Pour un artiste, écrire un texte de présentation sur la peinture d’une amie que l’on connaît depuis quinze ans et dont on a suivi le parcours artistique, est un exercice périlleux. J’ai accepté cette tache avec plaisir pour saluer le courage, le travail et la persévérance, qu’il a fallu à Sophie Delaunoy pendant toutes ces années, pour franchir la distance entre la peinture «passe-temps» et le devenir de peintre.
Ceux qui pensent que peindre est une chose naturelle et spontanée se trompent. Il ne suffit pas de prendre une toile blanche, de l’installer sur un chevalet et de préparer ses couleurs, pour faire surgir de la surface un univers singulier, un espace différent, parallèle. Un espace où la question de la ressemblance ou de la vraisemblance n’est que très secondaire. Un espace où priment les exigences internes du tableau, la distribution des formes, des couleurs et leurs justes relations. Alors les surfaces s’organisent, se nouent et se cristallisent pour peut-être faire naître une œuvre capable de bouleverser la façon de voir et de penser du spectateur. Pour l’inviter au voyage intérieur.
Il y a quelques années, lorsque j’ai vu les toiles figuratives inspirée par des fragments de sculptures en bois peint trouvées dans des églises Bretonnes, j’ai su que Sophie Delaunoy était «entrée en Peinture». Des angelots et des statues de saints dix-huitièmes, lui avaient servi de prétextes pour réaliser une série de tableaux jubilatoires et vivants, tout à fait contemporains. Chacun pouvait y ressentir le plaisir qu’elle avait pris à les peindre.

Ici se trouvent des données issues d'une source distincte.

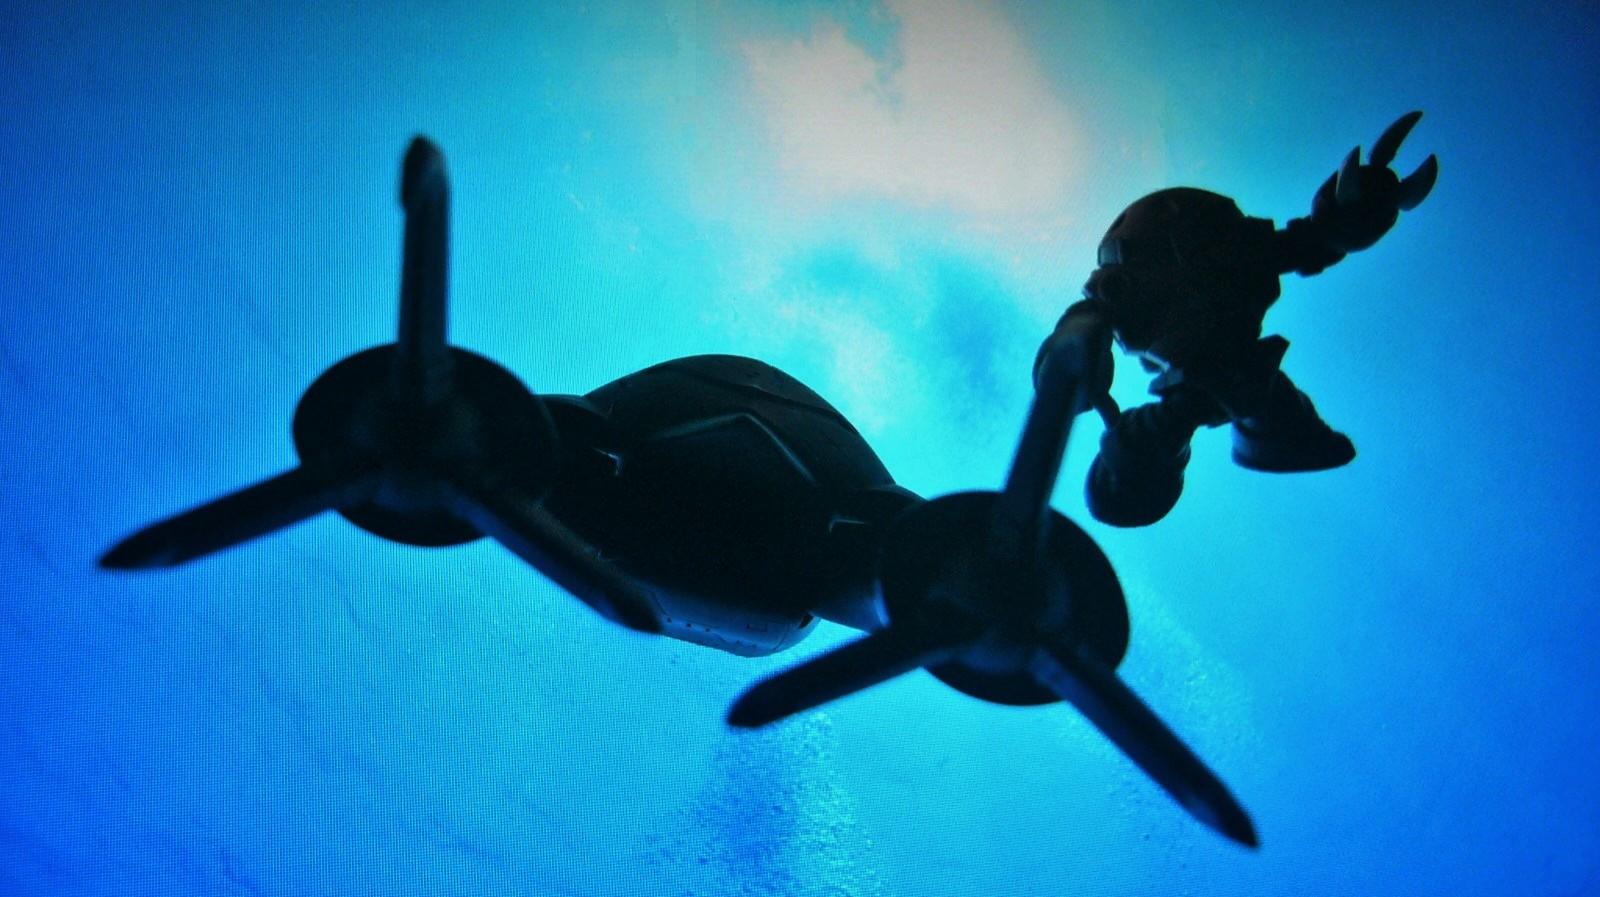 SDガンダム underwater ガシャポン戦士DASH ガシャポン戦士NEXT  実写 水中 デジラマ ズゴック アッガイ グラブロ ゴック 水中での行動が可能な水陸両用MS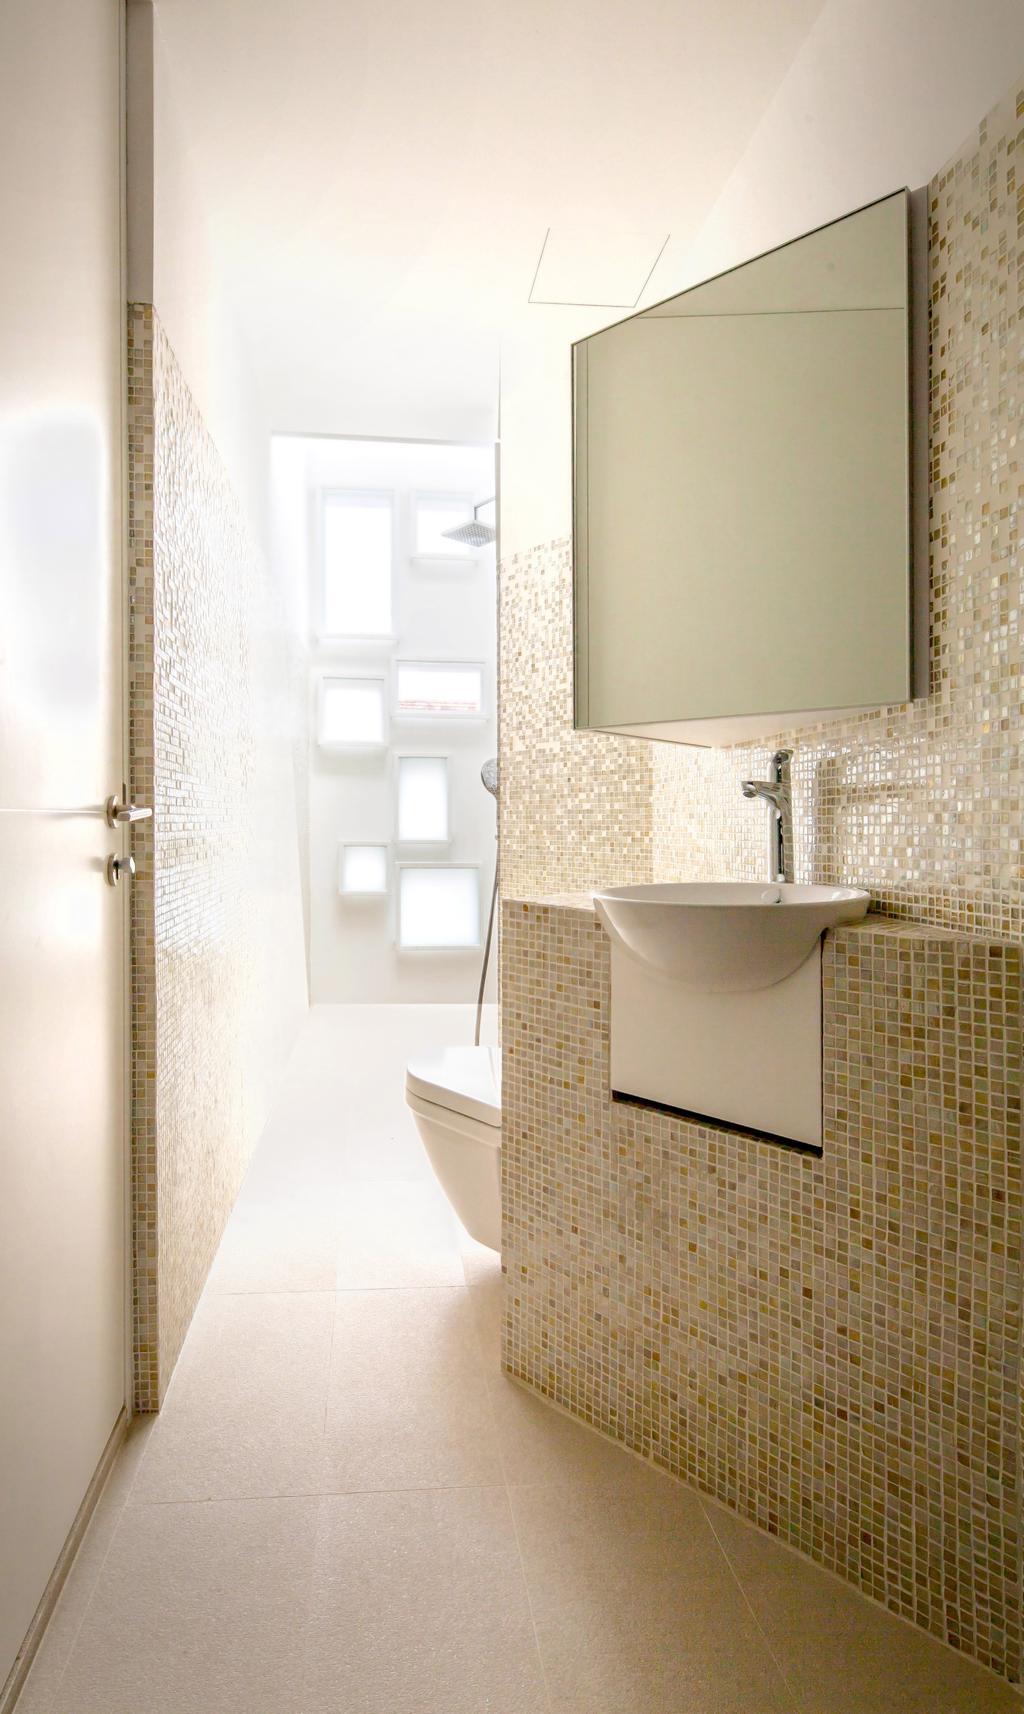 Contemporary, Landed, Bathroom, Belimbing Avenue, Architect, HYLA Architects, Wall, Indoors, Interior Design

Aujourd’hui en regardant les peintures récentes, plus allusives de Sophie Delaunoy : des suggestions de silhouettes humaines alignées comme les idéogrammes mystérieux d’un alphabet inconnu, le spectateur saisit qu’il s’agit d’images chargées de sens et de travail et dans le même temps il peut en réaliser la fragilité. Des alignements de figures colorées émergent d’un espace pictural où fond et formes sont étroitement liés.
Dans ces tableaux, l’arrière plan n’est pas un fond, un vide résiduel neutre : les formes interstitielles qu’il découpe, résonnent et s’imbriquent avec les figures pour former un ensemble homogène et cohérent. Sophie Delaunoy a compris l’essence de cette pensée de Georges Braque, qui disait que « le plus difficile en peinture n’était pas de peindre les choses mais « l’entre–deux » des choses.
Une qualité de ce travail réside dans l’économie des moyens et le choix d’harmonies colorées lumineuses simples. Les contrastes y sont francs : couples de complémentaires, chaud–froid ou contraste de qualité. Des recouvrements successifs laissent parfois transparaître les traces des étapes précédentes, comme si le tableau nous racontait l’histoire de sa genèse. Les remises en question, les doutes, les repentirs et les incertitudes du peintre s’y laissent parfois deviner.
Nietzsche écrivait que l’art n’a pas besoin de certitude. Il n’a pas à se préoccuper de savoir où il va. Il va vers son but, de lui-même et simplement, parce qu’il est porté à s’élancer, à se déployer.